Building on that work and related case studies from tourism and heritage studies, the project on which this paper is an early report will examine in depth three community-based projects in three diverse cultural, political and legal contexts in order to identify the common features that underlie their success. The present paper will present the background to that study and findings from preliminary field work, and present tentative views on the features that are in fact key to sustainable community ventures.

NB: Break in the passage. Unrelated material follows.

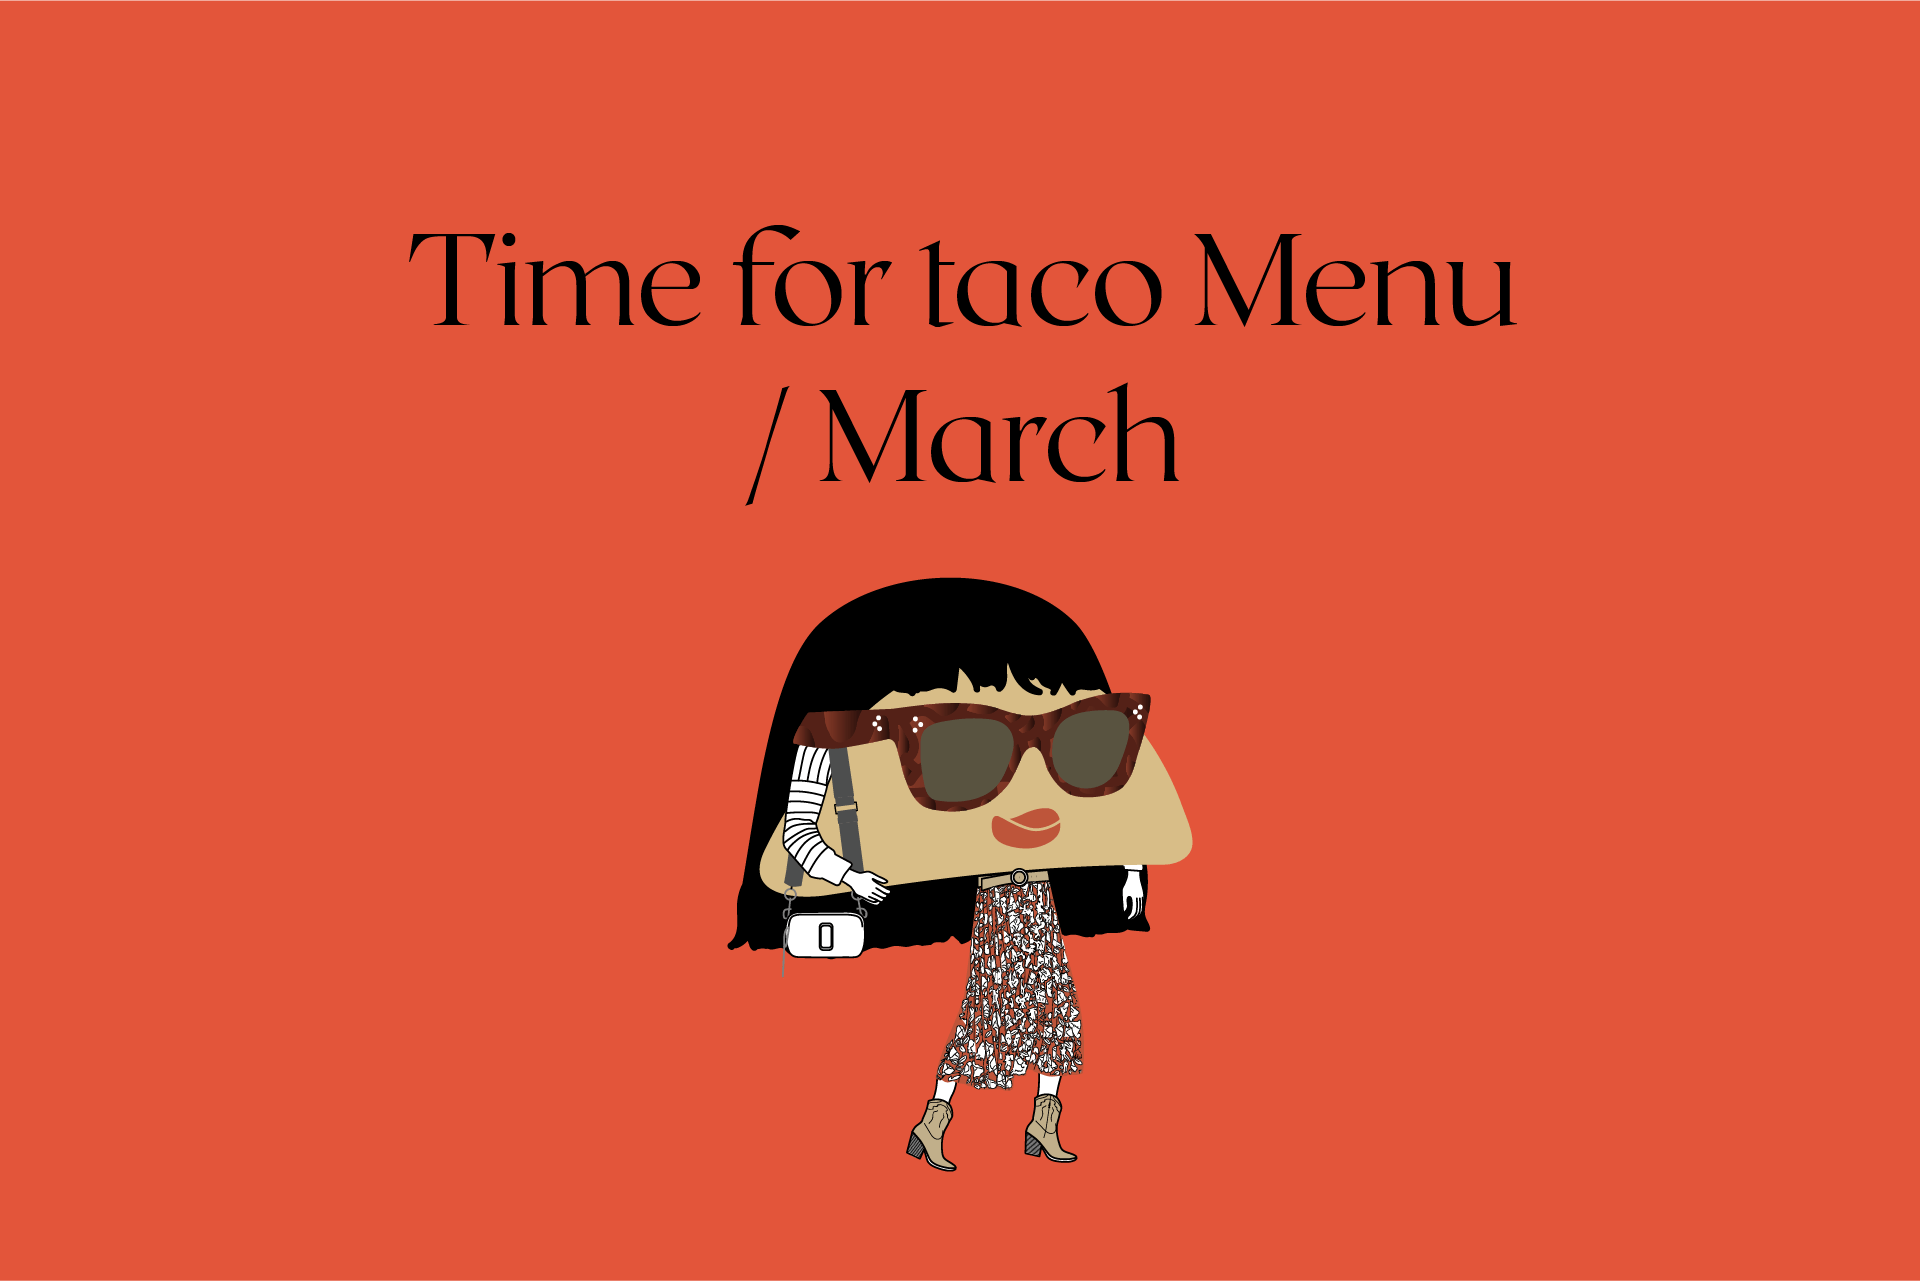 Time for taco Menu / March

Peter Gould is a former economist and business executive. He is a member of the Board of Overseers of the University of Pennsylvania Museum of Archaeology and Anthropology; a former overseer at the Allen Memorial Art Museum, Oberlin College, Ohio; and former Chairman of the Board of the Zoological Society of Philadelphia. Peter is a director of the Sustainable Preservation Initiative, a new NGO focused on underwriting community development projects associated with archaeological sites. He is currently an MPhil/PhD candidate at the Institute of Archaeology, University College London.

SESSION FIVE

‘Art and Archaeology’– Museum Archaeology in an Arts Council World Hedley, Swain, Director Museums and Renaissance, Arts Council England

This paper will give a perspective of what it will mean for the museum sector to have the Arts Council replaced by the MLA as government’s strategic agency and in particular what challenges and opportunities this might bring for museum archaeology.

Hedley Swain is a former field archaeologist, museum archaeologist and chair of the SMA. In recent years he has helped guide the museum sector in his roles at MLA and now with Arts Council England. He is the author if ‘An introduction to Museum Archaeology’.